私が入会したのは9歳、ポワントを履いてまだ5ヶ月しか経っていない頃でした。
広いスタジオには生ピアノが置いてあり、辺りを見渡すとすらりとして綺麗なお顔の子ばかり。
当時の私はポワントには立ちきれないし、ピルエットは2回転できるかできないか、、
そんな卵の殻から顔も見えないような状態でしたが、"周りに比べて何も出来ない自分"に悲観することなく、むしろその状況を楽しみながら毎週日曜日スタジオまで通っていました。
レッスン中にピアニストさんと目が合うのも、先生に注意されるのも、広く自由に踊れる場所にいるというだけで、ただ幸せでした。
初めて公演に参加したのは、それから半年と少しが経過した頃です。
毎回欠かさず上演している「フィナーレ」は、生徒全員が赤いリボンとレオタードをつけて踊る、歴代のAM生が踊ってきた歴史ある作品。
お洒落で牧先生のセンスが光る、とても素敵な振付です。
初公演では、数十秒で終わる小さい子たちのパートでした。
しかしなんといっても、幕が上がって音楽が鳴り、ばっと客席に振り向く上級生の姿が本当に格好良くて、初めて合同リハーサルで見たときからずっと、"大きくなったら絶対に踊りたい"憧れのパートでした。
すぐに全パートの振付を覚え、休憩時間にお友だちと"フィナーレごっこ"をしたり、お家や学校でも暇さえあれば踊り続けていました。今思えば、まるで恋をしていたかのようです。
あれから何度か公演に参加していますが、踊りたかったパートができたこともあれば、「あぁ、あそこ踊りたかったなぁ」と今更ながら思い残すところもあります。
沢山のパートがありますから、AM生のうちに全てのシーンが踊れるということはまずないのですが、、。
しかし、子どもの小さな頭と大きな心までもを満たすことができるこの作品は、何度踊っても飽きることなく、音楽が鳴るたびに胸の高鳴りを忘れず、私自身に踊ることの楽しさを教えてくれます。

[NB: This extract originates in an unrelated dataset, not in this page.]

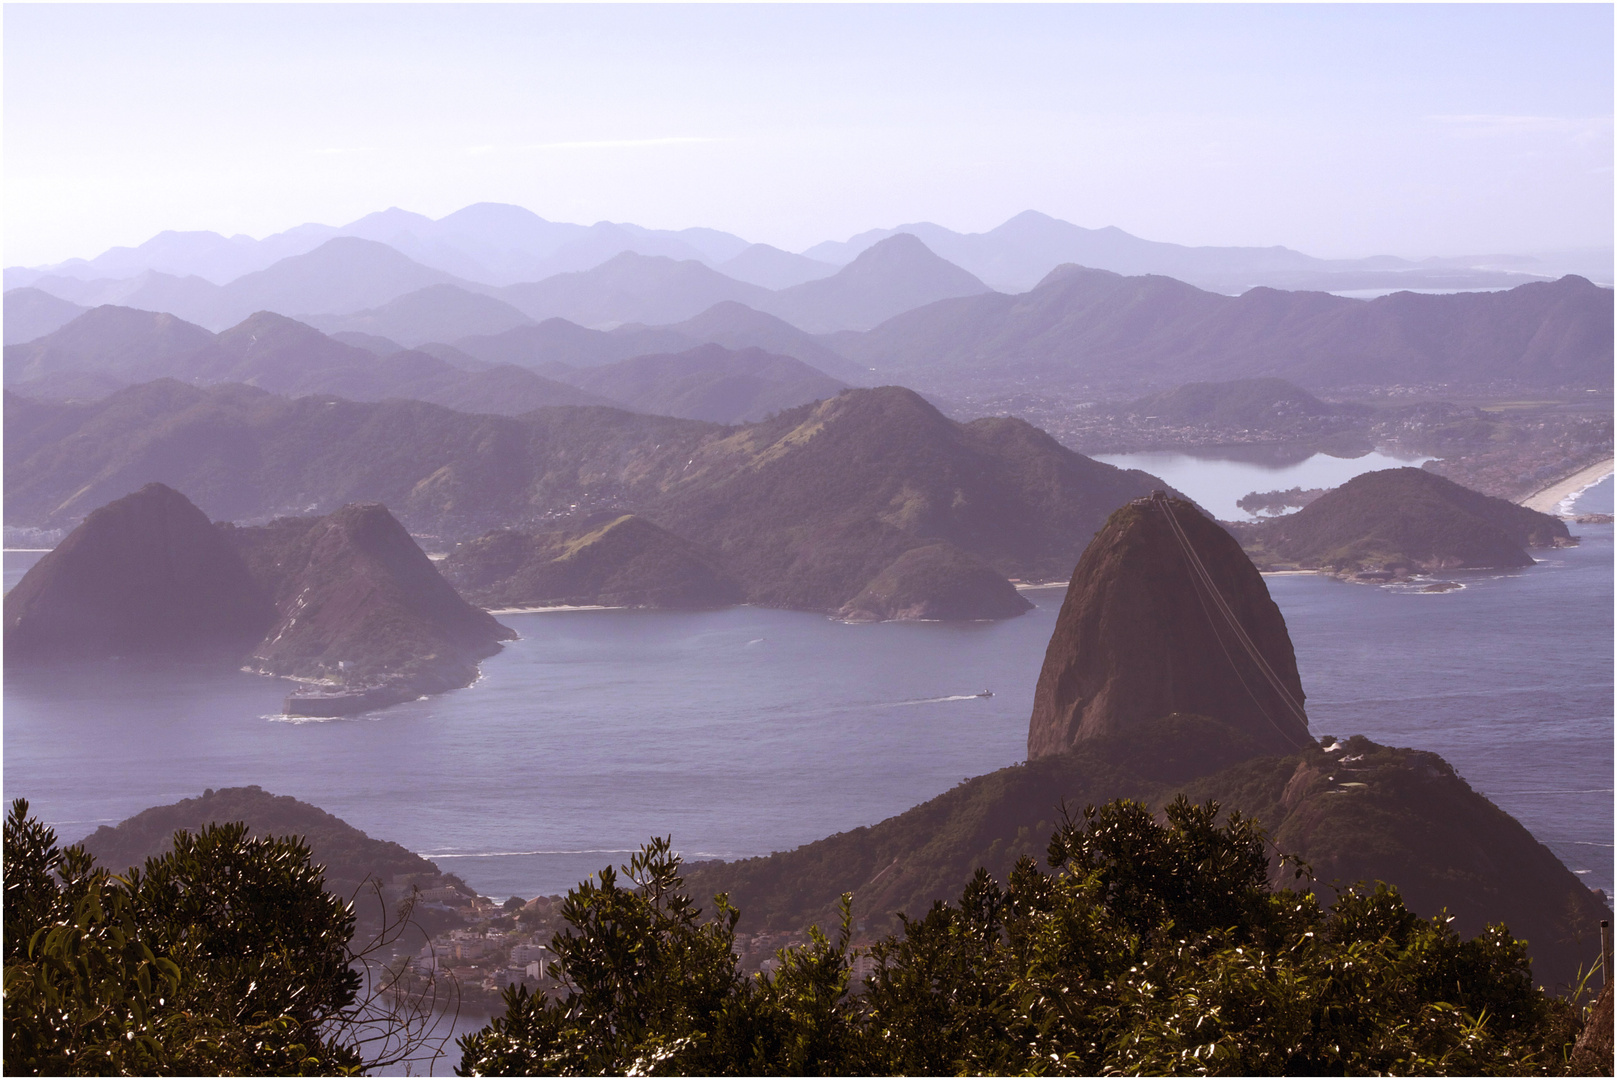 The Magic City of Rio de Janeiro

踊る楽しさを感じなくなったとき、踊ることの本質を忘れてしまったとき、私はこの作品を踊ることにしています。
そうすることで、あの頃の純粋な気持ちを取り戻すことができるような気がして、誰の為でもなく自分の為だけに、ただ踊ります。
長い歴史を刻んできたからこそ、今でもなお私たちの心を動かすのだと、錆びることなくこれからのA.M.ステューデンツを作っていくのだと、私は確信しています。
今までもこれからも、私だけでなくこの作品に携わっていく全ての人の心を動かし続けることでしょう。
私の、人生で授かる宝物のうちのひとつです。
おかげで今夏も幸せでした。
ありがとうございました。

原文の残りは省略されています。